So this video and news issue is a wee bit old, but the idea it raises isn't at all.
Apparently an in-store Abercrombie ad campaign (see video below) received complaints for being too sexual/obscene. Abercrombie has been doing this for years, for example, depicting cartoons of topless girls (yeah, they looked awful young) in pools and having threesomes in their catalog back when I worked in the mall 10 years ago. And in this day and age of hypersexualization of women's bodies and the general pornification of everyday life, you would think these ads must be awfully revealing to be so scandalous.
The thing is, the ads aren't that revealing. Not by far, and especially not compared to most ads we see everywhere. we. look.
Except that most sexualized ads we see are of women's bodies (I said most-I am well aware of the sexual and homoerotic tones of several cologne ads). However, the Abercrombie campaign includes some sexy images... of guys. And the marketing target is upper-middle class, heterosexual teens, both female and male.
via msnbc.com:
This is the part that struck me most:
"there's half naked guys running around -- it's obscenity -- is Playboy able to hang naked pictures in their store?"
Um, sorry dude, but the half naked men shown in Abercrombie ads is not the same as fully naked Playboy pictures. Like, at all. It's more like Victoria's Secret ads (and even then not quite the same there either)... and oh yeah, they are able to show those, and not only in their stores, but on billboards, the sides of buses, every f*cking magazine you pick up, not to mention, the goddamn TV!!

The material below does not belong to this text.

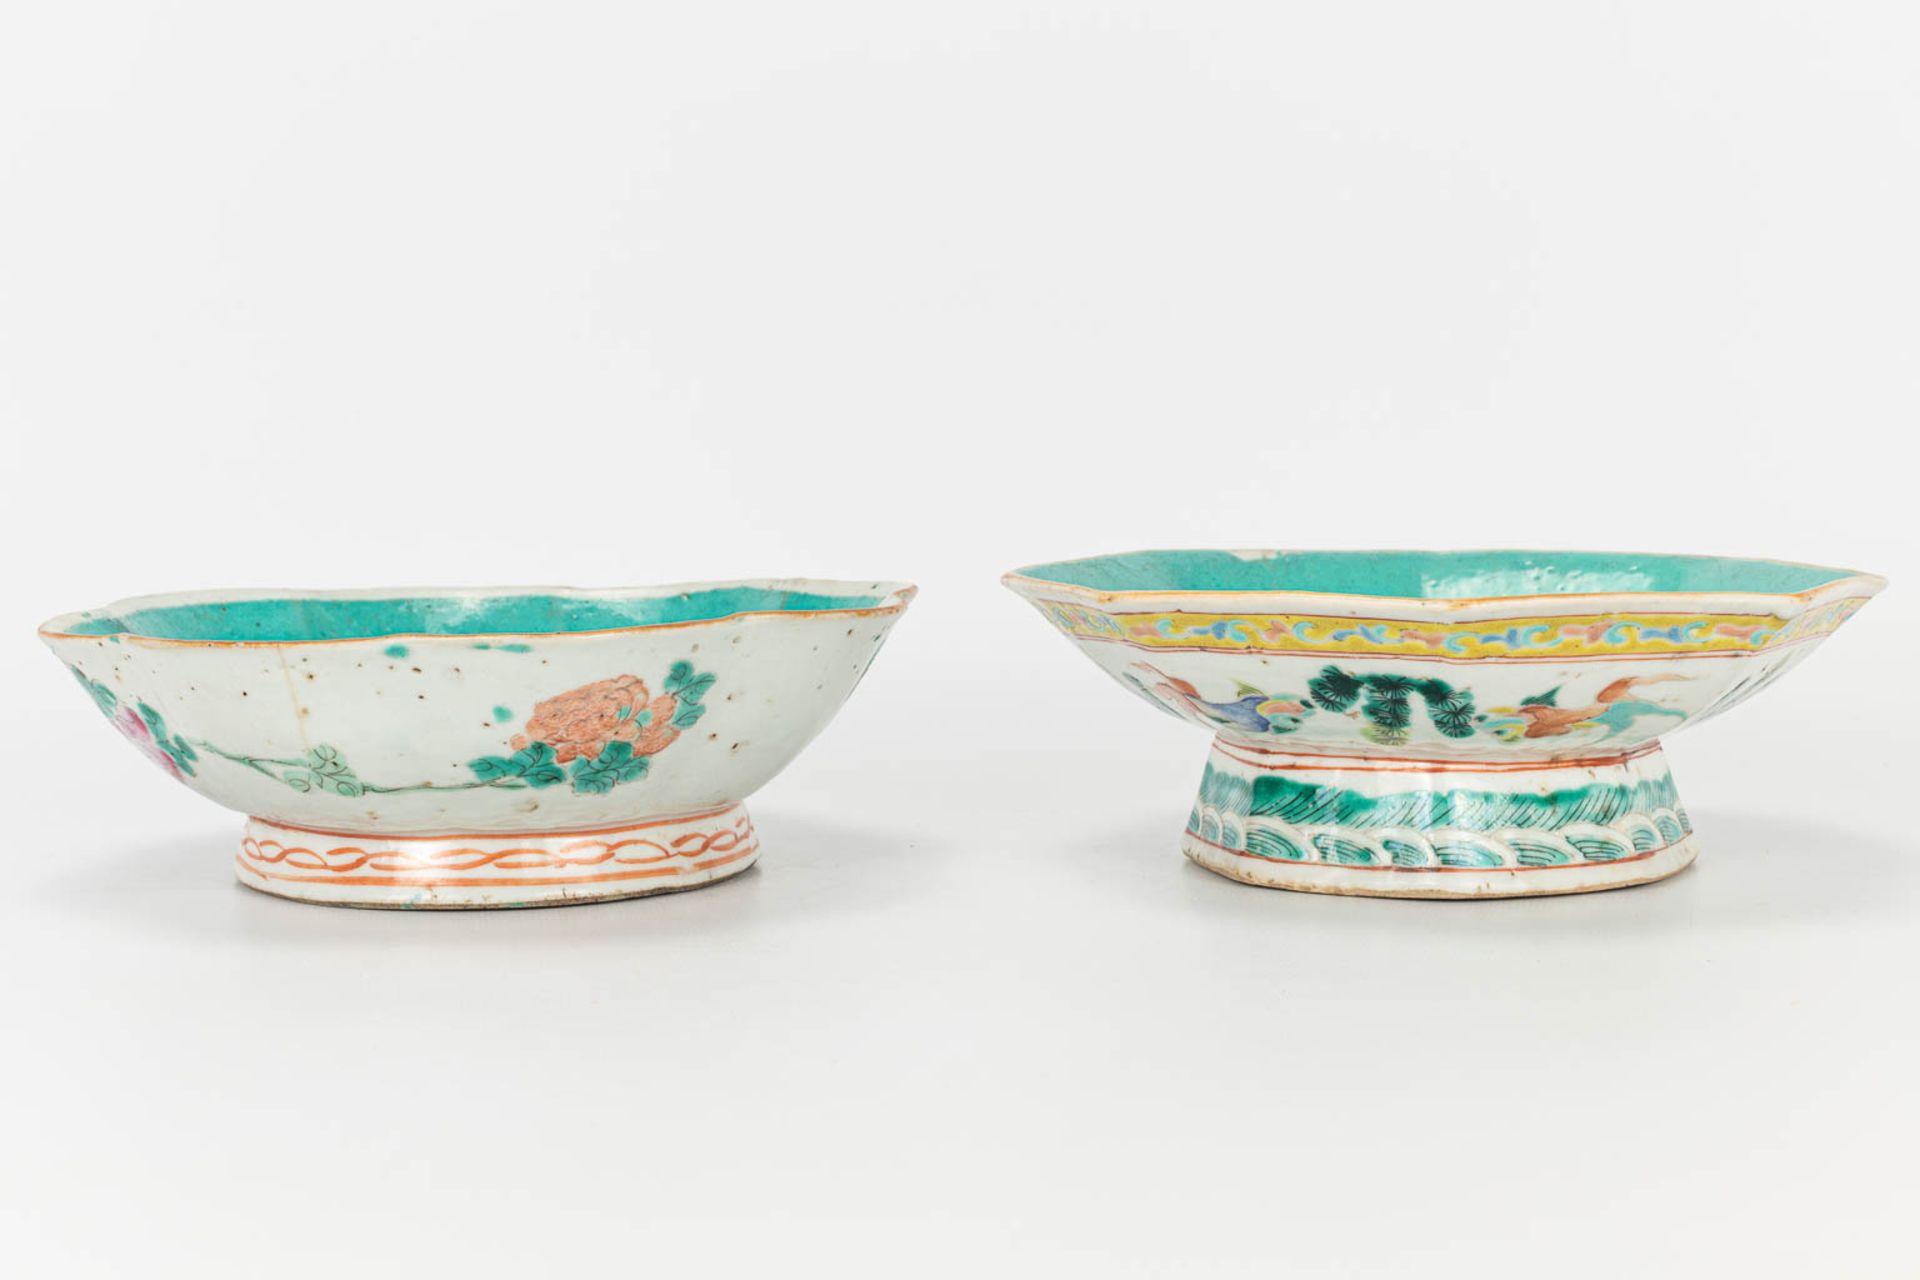 A set of 4 items made of Chinese porcelain. 2 small bowls and 2 ginger jars without lids. - Image 3 of 23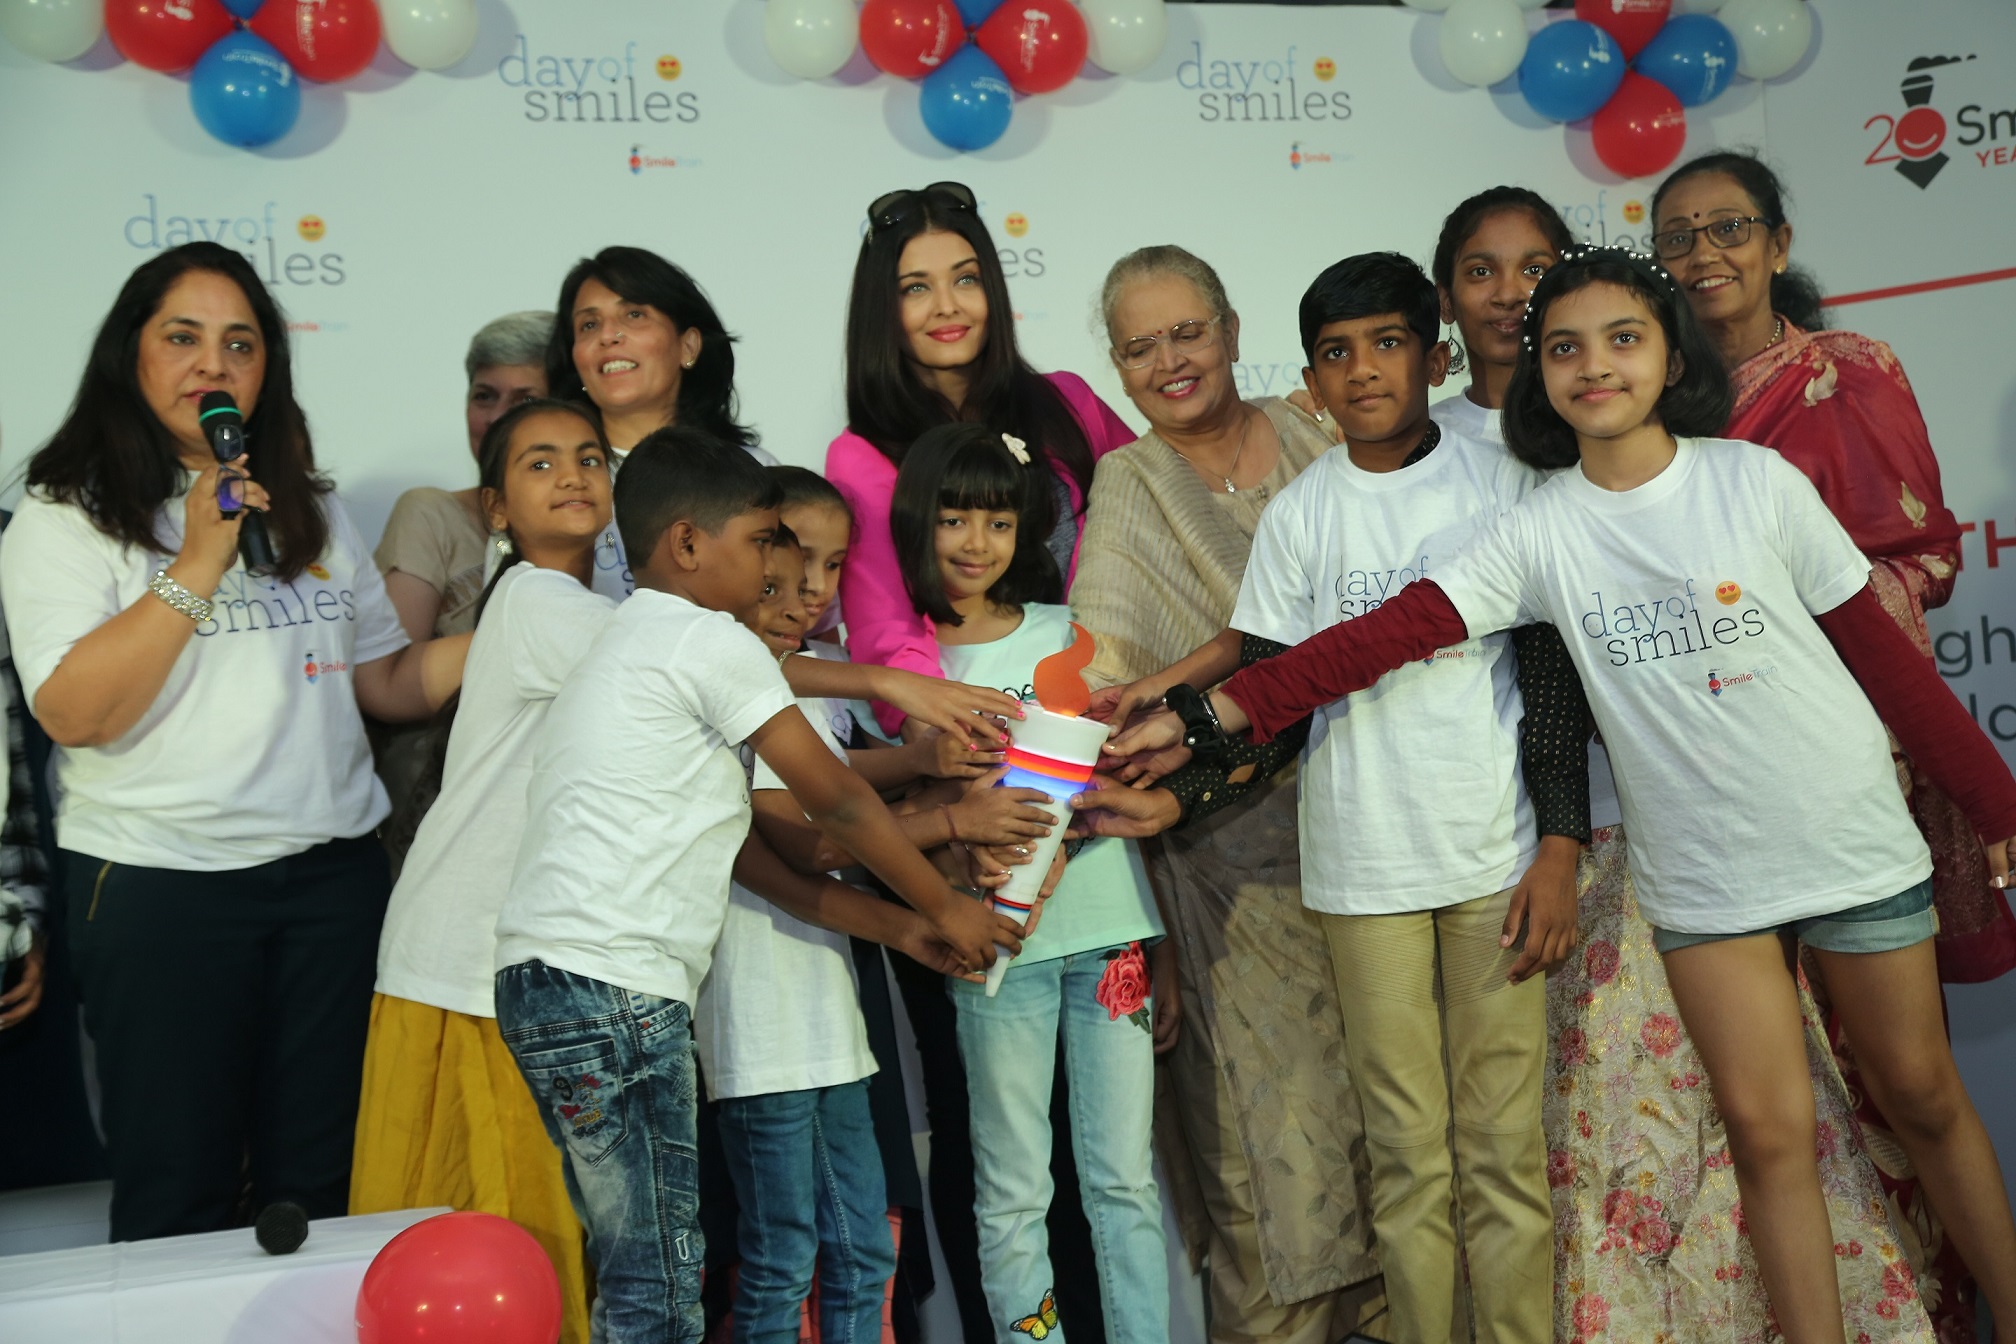 Aishwarya Rai Bachchan, Smt Vrinda Rai and Aaradhya Bachchan celebrates ‘Day Of Smiles’ with Smile Train India at the Narayana Health SRCC Children’s Hospital, at Haji Ali, Worli in Mumbai today on the occasion of her Late father’s Birthday. The family spent time with cleft patients and encouraged them to live full lives and pursue their dreams -Photo By Sachin Murdeshwar GPN

The ads are only 'scandalous' because guys are being (mildly) depicted as erotic objects of heterosexual desire. And this just doesn't happen. Even when there's male (frontal) nudity in movies, it's typically either goofy or is not eroticized. Women as sexual objects, as seen as serving a sexual function for men (being sexually desirable rather than having sexual desire) have functioned in a particular way in western patriarchy, along with wife/mother, to produce female ideals whose value relies on seeing women in terms of how they function for men's benefit. This is the very definition of objectification--defining (a person) in terms of how you already see them to be, in how they're useful for you, rather than seeing them on their own terms. Men are really only able to objectify women in this way because such narrow and all-defining judgment is never returned to them; they are rarely, if ever, made the objects of female-centered desire. It's awfully hard to objectify someone when you recognize they have their own desire -- and that you might not be up to their standard.
I'm getting a bit off track, and I'll continue to blog about that in the future, but getting back to the anxious guy... his comments are screaming male privilege. The fact that these images bother him so much can be attributed to him rarely having to be faced with the eroticization of his own body, even in the mild Abercrombie images of guys in jeans showing a little buttcrack. What's fascinating is that he is so bothered by it. I'd like to say that he's finally getting a small taste of what women go through, but that's not even close to the truth: he has the luxury of being able to avoid dealing with the images by walking out of the store. These kinds of images (and so much more) are simply unavoidable for women--we can never just walk away, because they're there whenever we turn around.
Another fascinating thing about his comment was his analogy of these images to Playboy images. On an obvious level, he's so wrong, because, um, come on, they're nowhere near close: they're not the same degree of nudity, not the same degree of sexualization (there's little about the Abercrombie poses that are seductive or vulnerable), and not the same intent. On another level, they are similar, because sexualized women's bodies are so commonplace these days, that we wouldn't even blink an eye if we were to replace the guy in the Abercrombie ad with a woman. We probably wouldn't even think it was racy, or even that sexual. So his analogy, in a way, speaks very much to the ubiquitous sexualized female body and the rarely eroticized male body.
Finally, what I'm also quite interested in regarding this video news story, is that the campaign included images of girls, depicted in much the same way as the guys are...yet he never mentioned being bothered by the "obscenity" of those! When we take this reaction, and think about the male anxiety around male nudity in general, and especially gay male sexuality (but, of course, not lesbian sexuality), it it very clear that, in popular culture, sexuality becomes "obscene" when it does not reinforce heteronormative masculinity. Images are only seen as improperly sexualized when it's the male body on display for a (presumed) het-female audience.